Sample and data backlogs can cause active forensic cases to be delayed for months and put drug discovery and development on hold. Managing the volume of data at labs and in the field can be time consuming and impede the speed at which meaningful results are acquired. For example, this year has pushed the pharma R&D community to innovate like never before, especially during a time when teams and government mandates are pushing for remote work options whenever possible and working to meet public safety guidelines. It is essential that the core challenges lab managers faced in 2020 are addressed and that purpose-built tools are utilized to help create efficiencies in their workflow in 2021.
Leave behind your backlog in 2021
Pharma, biopharma, and forensic labs across the country have been overwhelmed this year with test delays. Additionally, remote work and precautions like social distancing have taken a toll on efficiencies. Many labs have had to reduce the number of people allowed in at one time to maintain vital proper distancing and public safety requirements. However, these changes have also decreased the number of people available to work in one space at any given time. While some may have planned to begin tackling their backlogs this coming year, these changes have made it far more difficult to do so.

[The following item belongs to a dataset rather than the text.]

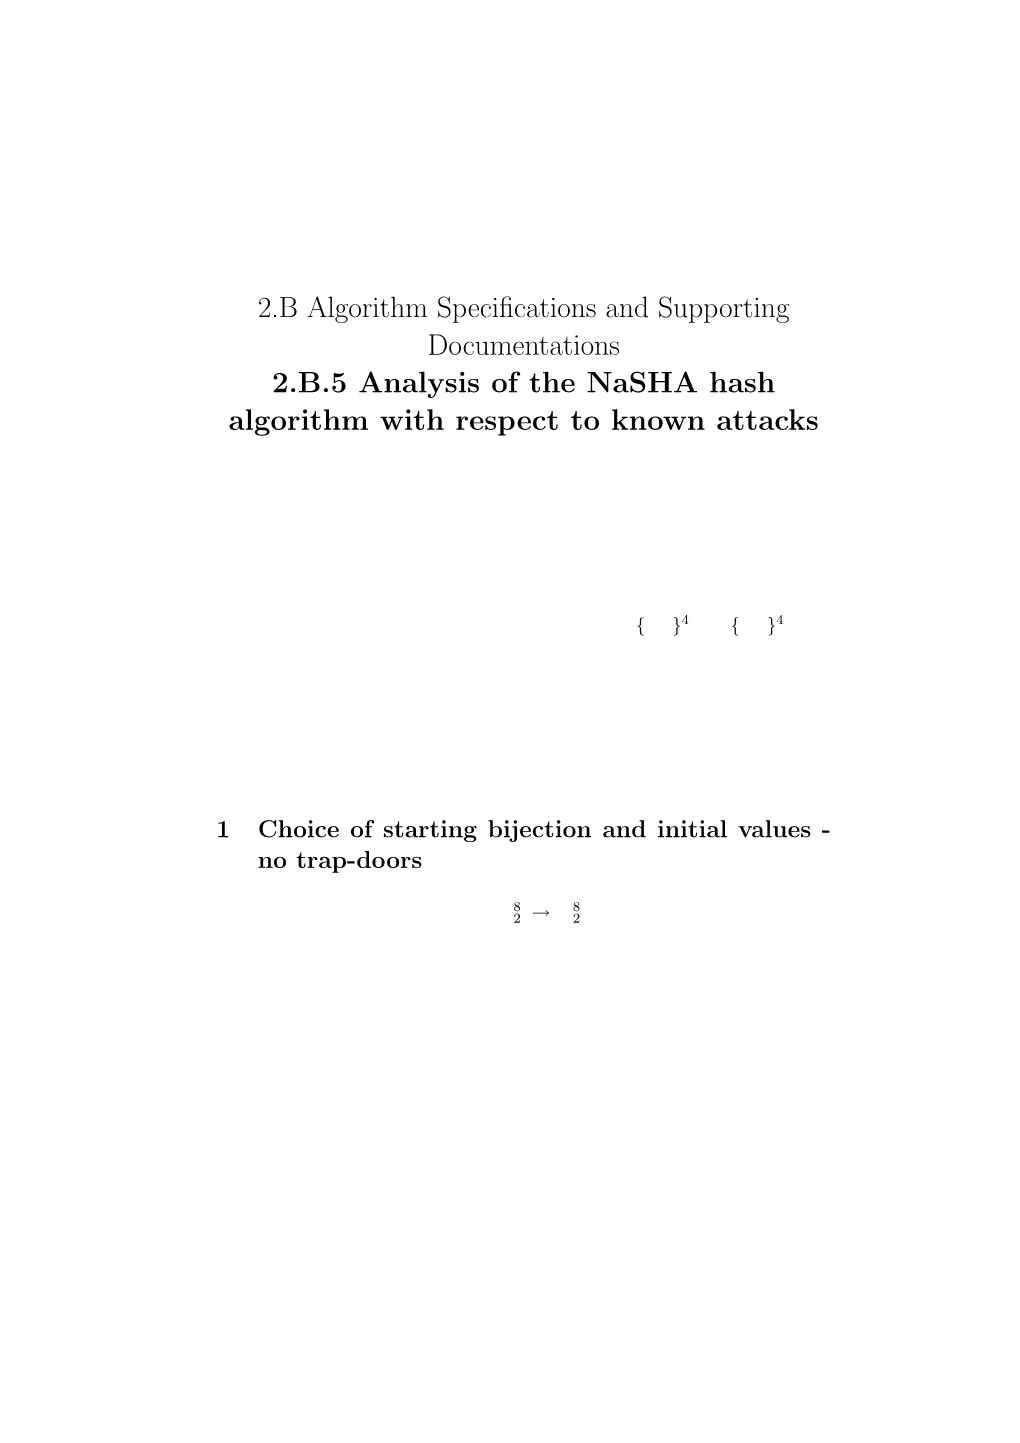 2.B Algorithm Specifications and Supporting Documentations 2.B.5

Because timing is everything in analytics, when lab managers plan to process their samples, they should pay attention to how long it will take to receive results and if there are additional steps to confirm the results. Working within the organization to highlight areas like these that could be streamlined can help speed up not only testing times, but also show which other parts of the process are being impacted by delays.
Increasing efficiencies in the lab and in the field will help decrease backlogs and improve turnaround time for accurate and trustworthy results. Lab managers should consider adding both digital and physical evidence technologies to help manage data accumulation and keep their teams on track for successful results.

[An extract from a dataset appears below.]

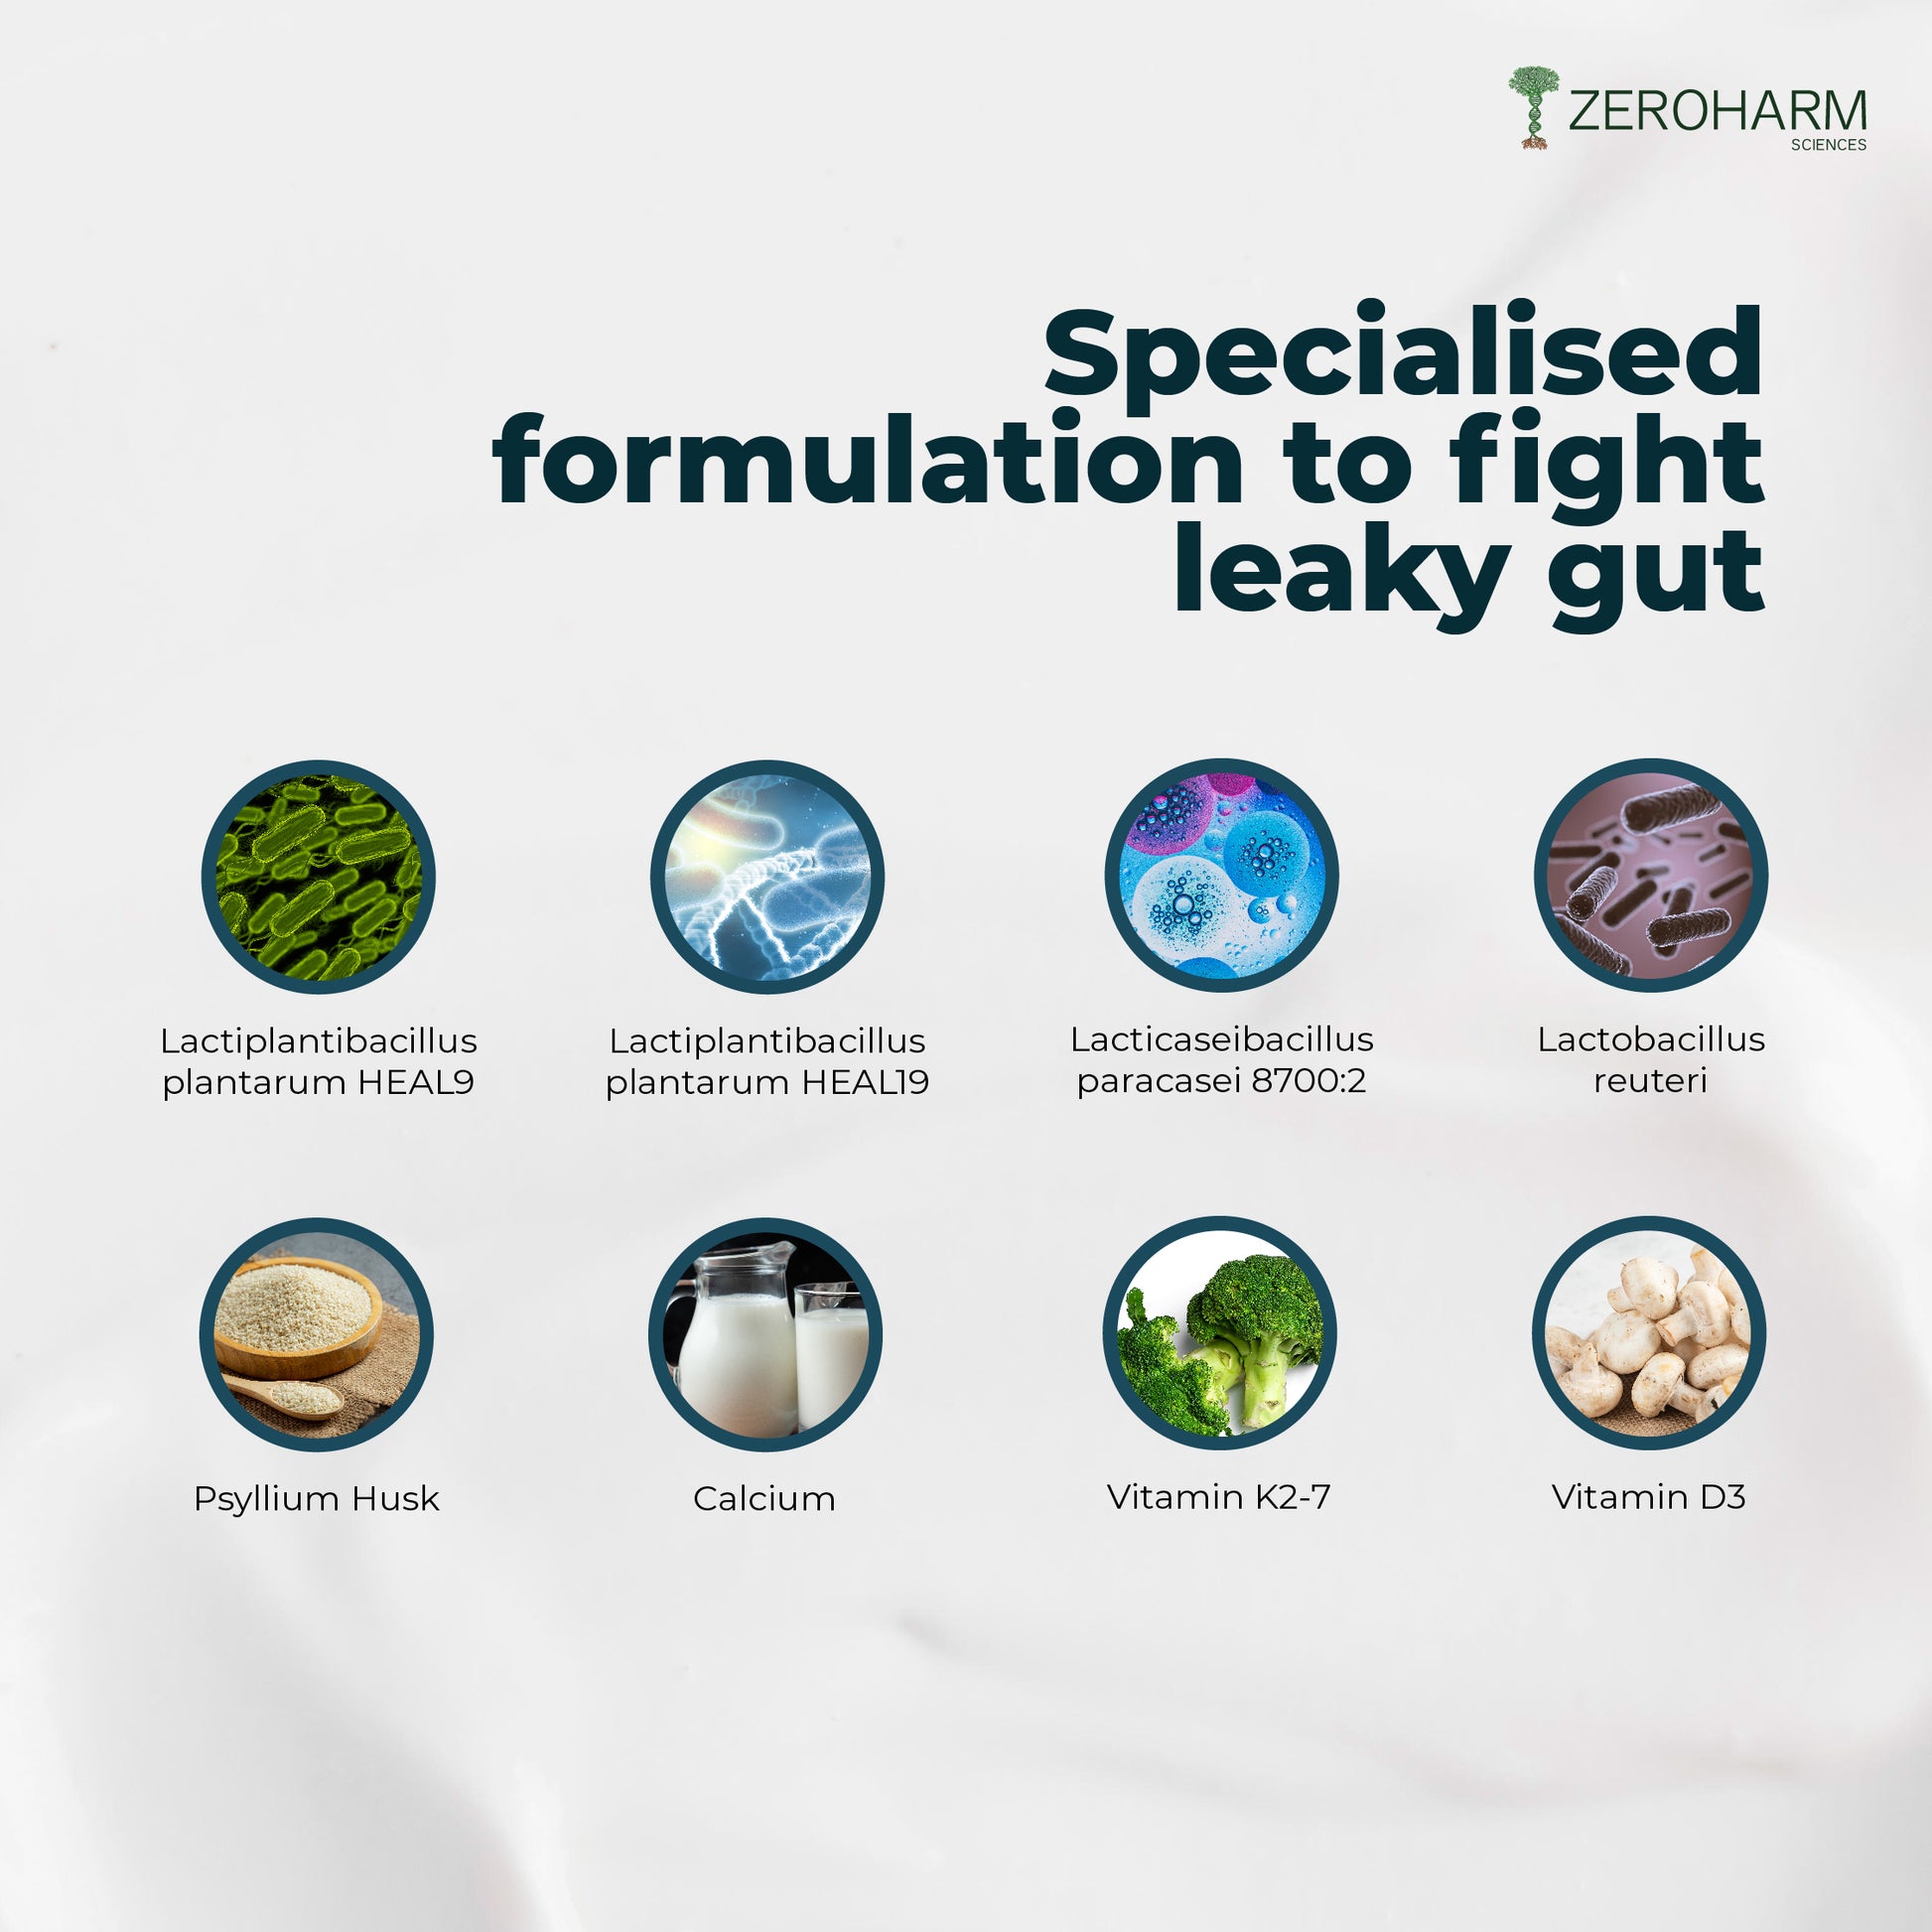 leaky gut tablets made with several probiotic blends and some ingredients like psyllium husk, calcium, vitamin D3, vitamin K2-7

Choosing the right technology for the lab
Biopharma and forensic labs are rightly selective of the tech they choose to implement, which is why it is vital that the devices they choose complement their workflows without draining other resources or requiring extensive training programs.
One way this can be accomplished is by looking at the techniques being used in the lab and determining what is the best technique for your task. What is best may mean what is fastest, most agile, or most accurate, but no matter what you choose, it should be effective for your task and workflow, and, in the best-case scenario, entail all three attributes. When R&D researchers are formulating life-saving medicines, they are often in need of efficient techniques, such as the use of mRNA in Pfizer’s COVID-19 vaccine, that will help formulate life-saving medicines in a productive timeframe.
To ensure the efficacy of life-saving medicines, process engineers need immediate answers on cell production. In these instances, time can mean the difference between getting medicines out to patients faster or having to start all over again.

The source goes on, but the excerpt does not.